Models data using logistic regression allowing identification of data trends.
This node uses the embedded R engine to model the log probability relationship between a binomial dependent (response) variable and one or more independent (explanatory) variables. The node fits the data using a logistic regression model.
The node provides two summaries of the model created for the input data together with details of the regression coefficients and residual errors. The glmSummary pin contains a summary of the model and includes information on:
- The call used to generate the model.
- Range and quartile values for the deviance residual errors.
- The estimates for the coefficients of the independent variables used in the model and the estimate of the intercept.
- Significance code indicators for the independent variables and the intercept.
- The null deviance and corresponding degrees of freedom.
- The residual deviance for the model and the corresponding degrees of freedom.
- The Akaike information criterion (AIC) measure of relative quality for the model.
- The number of fischer iterations performed in generating the model.
If the node is configured to output the serialized model to a file, the glmSummary pin also includes the file path to the file that contains the serialized model.
The glmResiduals pin contains the value of the working residuals for the final iteration of the model fitting process.
The glmCoefficients pin contains the estimated values of the coefficients of the independent variables and the intercept for the maximum likelihood estimation determined by the model.
The anovaSummary pin contains a summary table for an Analysis Of Variance performed on the regression model using the Chi-square test and includes information on:
- The model family and link function used.

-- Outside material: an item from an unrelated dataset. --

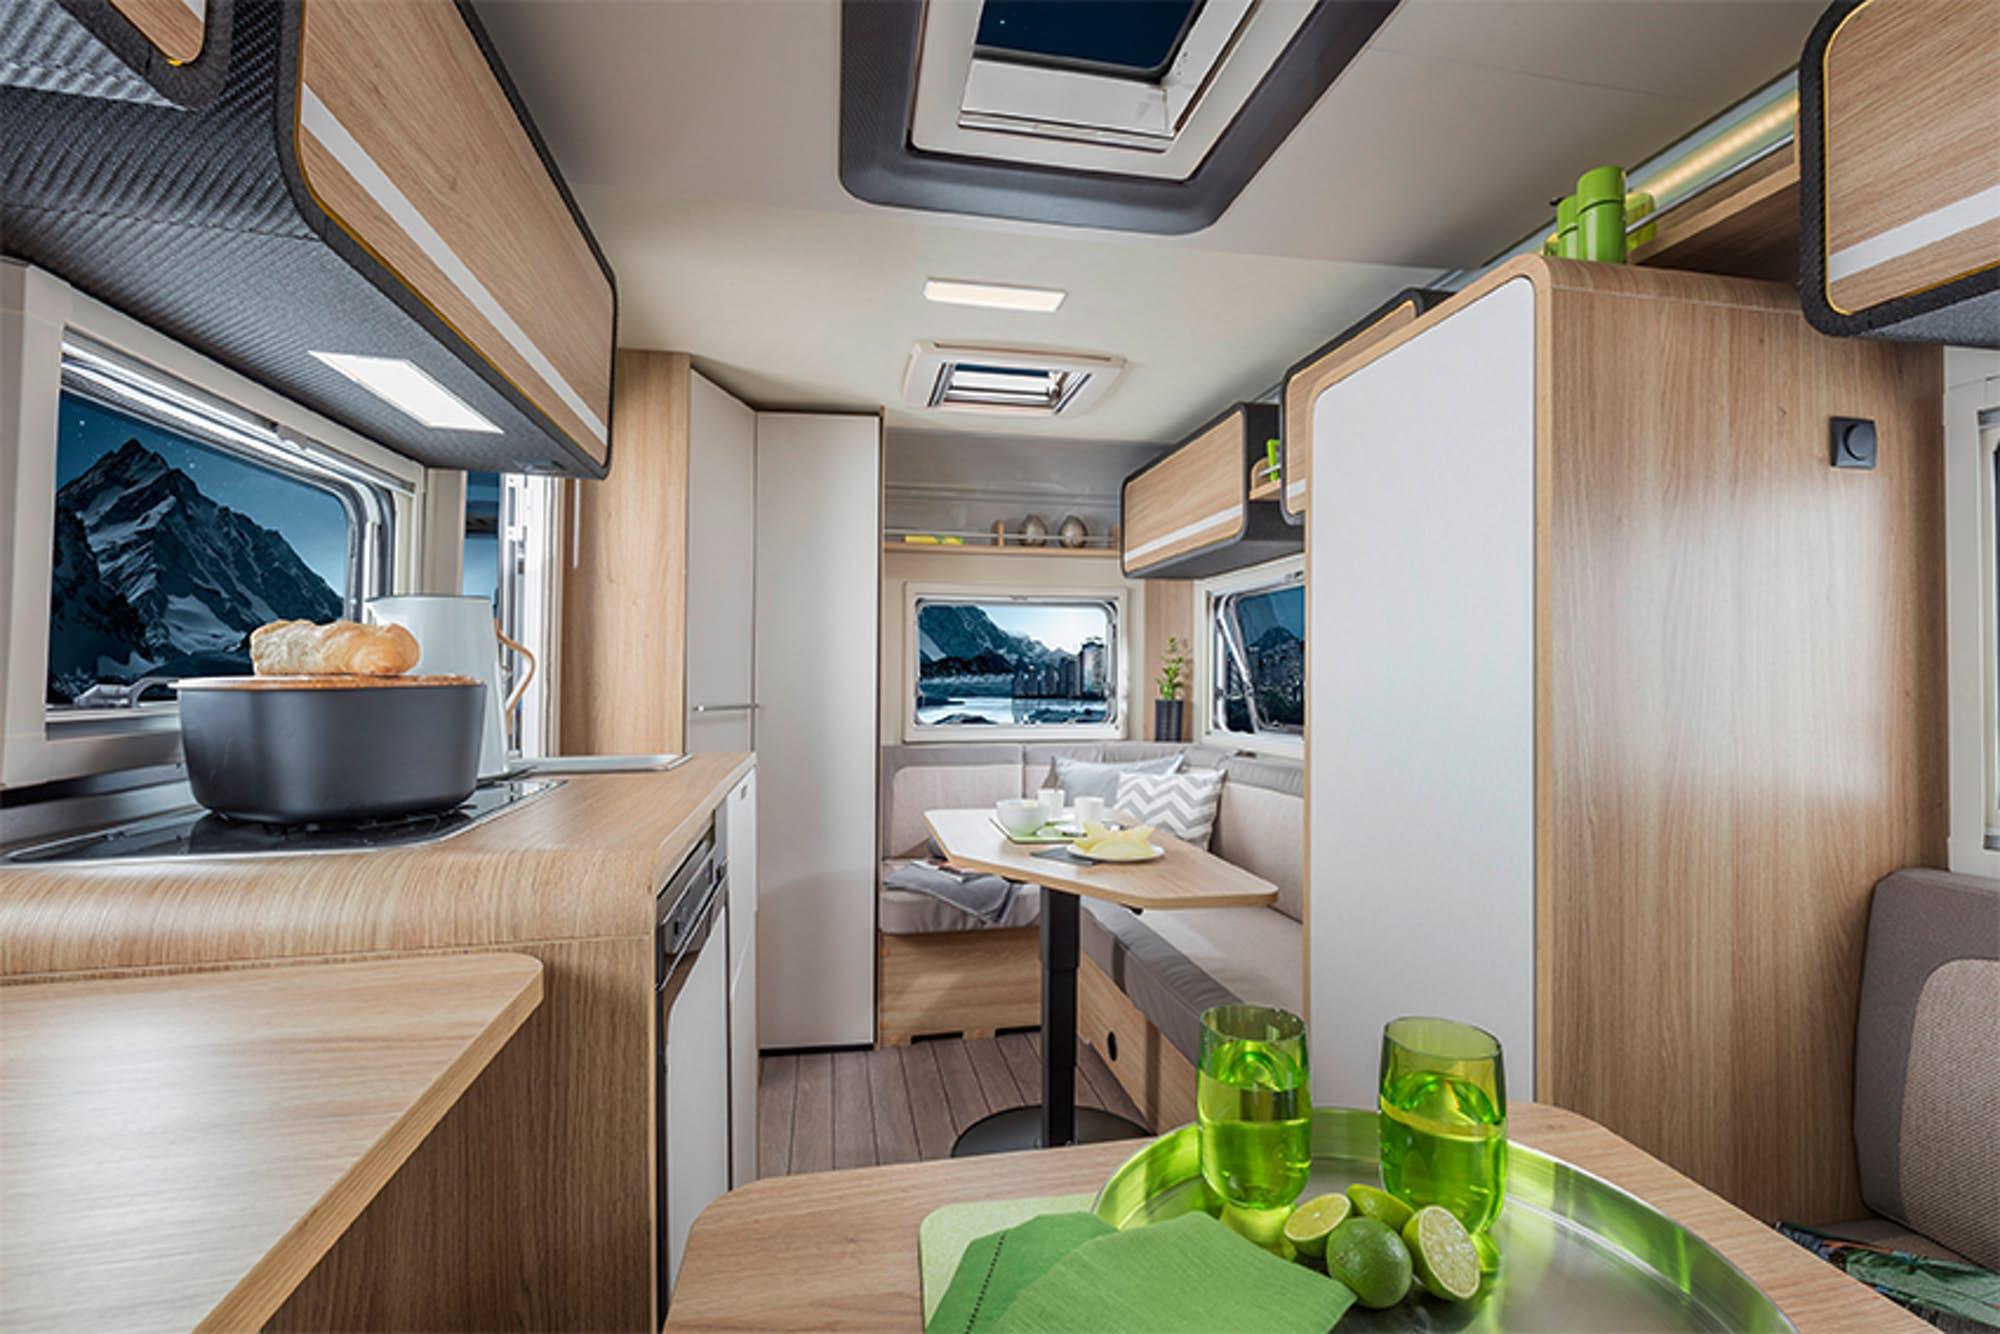 High-tech camper features adjustable smart glass window
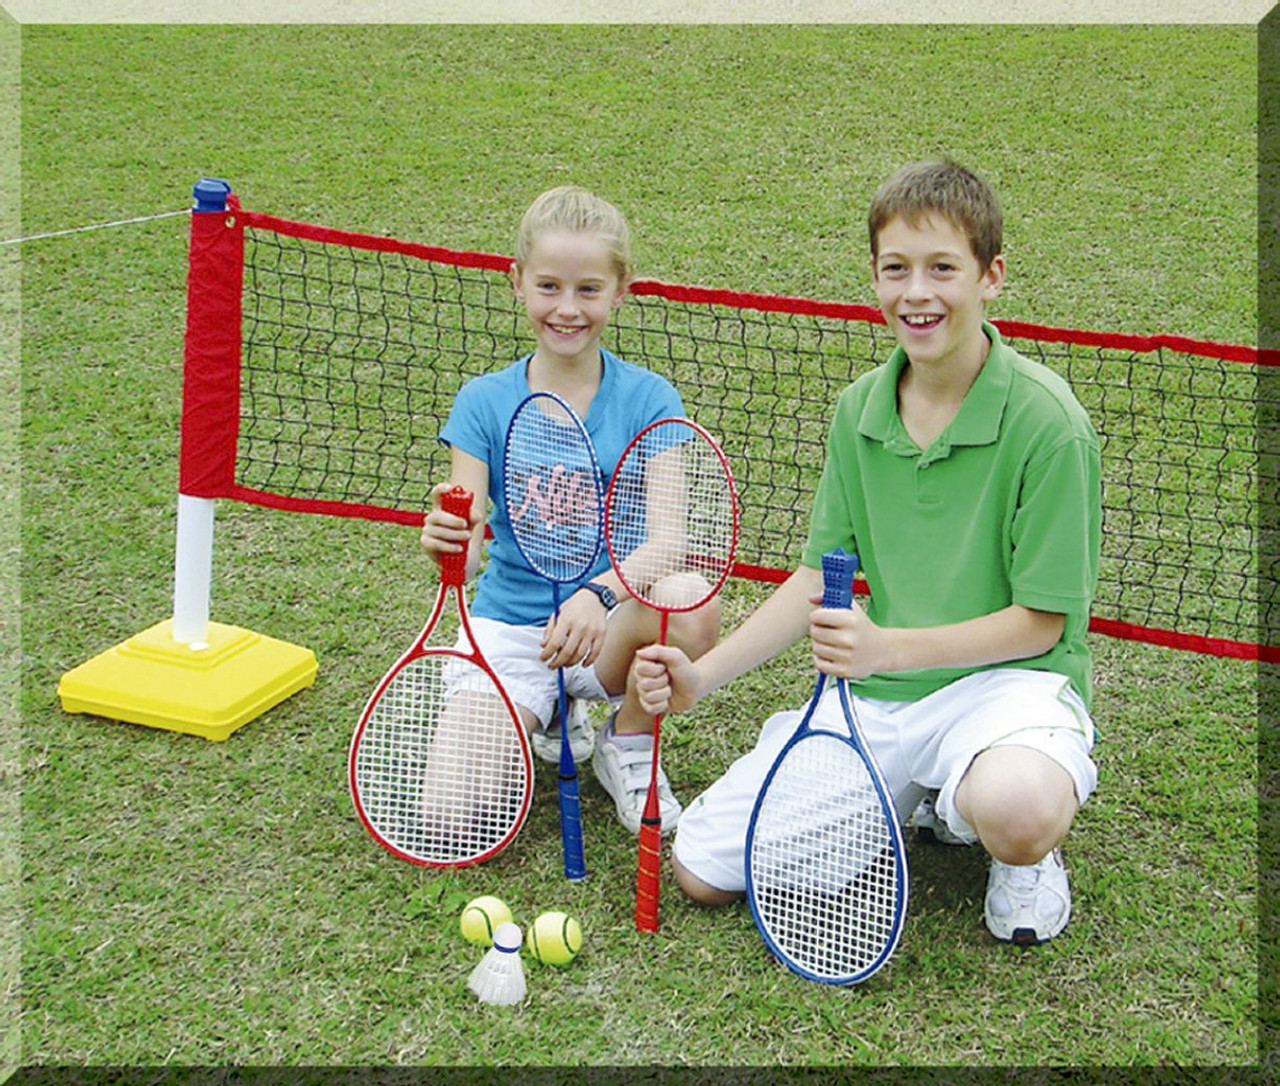 2 in1 Childrens Tennis Badminton Trainer

- The response variable being modeled.
- Details of the Degrees of Freedom, Deviance, Residual Degrees of Freedom and p-value for each of the independent variables in the regression model.
- Significance code indicators for the independent variables.
Powered by TIBCO®
Properties
ModelName
Optionally specify the name of a model which is displayed on the output data. When the node is configured to write the serialized model to a file, the model name is also used as the output filename.
A model name must start with a letter and may contain any of the following:
- letters
- numbers
- period character (".")
- underscore ("_")
If not specified, the default model name "Logistic" is used.
ModelFormula
Optionally specify the formula for the logistic regression model. For example:
dependent ~ predictor1 + predictor2 + predictor3
This property should not be specified if the properties DependentVariable and IndependentVariables or OmitModelConstant are set.
This property is case sensitive.
DependentVariable
Specify the dependent variable which is to be modeled on the independent variable(s).
Only one dependent variable can be input. A value is required for this property if the ModelFormula is not specified. If the ModelFormula property is specified this property should not be used. This property is case sensitive.
IndependentVariables
Specify the independent variables i.e. the predictors that are to be used to model the dependent variable. A comma-separated list of fields containing independent variables.
A value is required for this property if the ModelFormula is not specified. If the ModelFormula property is specified this property should not be used.
This property is case sensitive.
WeightVariable
Optionally specify the variable used as the weight when using a weighted least squares model.
Only one weight variable can be input. If not specified, weights are not used in the model. This property is case sensitive.
OmitModelConstant
Optionally specify whether a model constant is to be excluded from the model. If the ModelFormula property is specified, this property should not be set.
The default value is False.
ModelType
Optionally specify the binomial family link Model Type to be used. Choose from:
- logit
- probit
- complementary log-log
The default value is logit.
ModelOutputMode
Specify whether the serialized model is written to a file on disk.
This property also determines how ModelOutputField and ModelOutputDirectory behave. The default value is None.
ModelOutputField
Optionally specify a name for the output field that contains the full path of the file where the serialized model has been written. The default value is "glm_ModelOutput".
ModelOutputDirectory
Specify the directory where the serialized model is written when ModelOutputMode is set to File. When ModelOutputDirectory is blank, files are written to the Data360 Analyze temporary directory. Otherwise, the files are written to the specified directory - the specified directory must exist and be writeable. This node will not overwrite existing files by default. This behavior can be set in the ExceptionBehavior tab.
This property should only be filled in when ModelOutputMode is set to File.
OutputAdditionalAttributes
Optionally specify whether an extended set of coefficient attributes is to be provided on the output.
If set to True:
1. The following values are output on the Summary output pin:
- Null Deviance
- Total Degrees of Freedom (for the Null Model)
- Residual Deviance
- Residual Degrees of Freedom
- AIC value
- Number of Fisher Iterations
2. The following values are output on the Coefficients output pin:
- Standard Error
- t value
- p value
- The exponent of the (existing) coefficient values
The default value is False.
FileExistsBehavior
Optionally specify whether an existing serialized model file will be overwritten. Choose from:
- Error - Generate an error and do not overwrite the file.
- Log - Log a warning message and do not overwrite the file.
- Ignore - Do not overwrite the file.
- Overwrite - Overwrite the file.
The default value is Error.
Inputs and outputs
Inputs: data.
Outputs: glmSummary, glmResiduals, glmCoefficients, anovaSummary.